Bir de bazı yörelerde süzme yoğurtlarda “is” veya “yanık” tadı olur. Özellikle keçiciliğin yaygın bulunduğu köylerde bulabileceğiniz yanık veya isli kese yoğurdu şöyle yapılır. Taze sağılmış keçi sütü veya inek sütü ya da ikisinin paçalı, köylerde kızdırılmış kaplarda ısıtılır. Sonra yoğurt yapılıp keselerde süzülür. Kızdırılmış tencerenin dibi tutturulmamaya dikkat edilir. İşte soğuk süt kızgın yüzeyle ilk temas sırasında yanık tat alır. Hafif ekşi ve isli bir tat istenir. Eğer yanık tat alıyorsanız sütün dibi tutmuş demektir.

Mutfakta yoğurtla çorbadan ana yemeğe, tatlıdan çeşit çeşit sos ve mezelere kadar o kadar çok ürün yapabilir ki saymakla bitmez. Ayran aşı çorbası, köfteli yoğurt çorbası, borani, tavuklu fette, elbasan tava, alinazik, yağlama, beyti, fellah köftesi, iskender döner, yoğurtlu köfte, siron, tahinli tarator, yoğurt tatlısı, yoğurtlu dondurma, salata sosları ilk akla gelenler arasındadır. Ayrıca Türk mutfağında yoğurt, yemeklere terbiye olarak, etlere marine amacıyla katılır. Havuçlu tarator, ıspanak borani, yoğurtlu kabak, yoğurtlu ot çeşitleri, atom, yoğurtlu pancar gibi mezelerinin yapımında daha çok süzme yoğurt kullanılır. Bilindiği gibi yoğurt, sarımsakla en güzel ikilidir. Yoğurt çoğu sebze yemeğinin yanında veya üzerine dökülerek yenir. Yine mutfağımızda yoğurt, ayran ve cacık yapmak için kullanılır.

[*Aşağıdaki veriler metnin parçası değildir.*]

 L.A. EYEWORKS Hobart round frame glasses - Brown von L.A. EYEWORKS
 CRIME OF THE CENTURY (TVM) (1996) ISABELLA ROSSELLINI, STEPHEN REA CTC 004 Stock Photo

Yukarıda sıraladığımız ve diğer yemekleri yaparken yoğurt kullanımı dikkat ve tecrübe gerektirir. Yoğurt, ekşi (asitli) olduğu için tekniğini doğru kullanmazsanız yemek pütürlü olur, kesilebilir. Ayrıca ister klasik yoğurt, isterseniz probiyotik yoğurt olsun yemeklerde kullanırken ısıtıldığında canlı mikroorganizmalar öldüğü için bu yararlı mikroorganizmaların etkisinin de ortadan kalktığı unutulmamalıdır.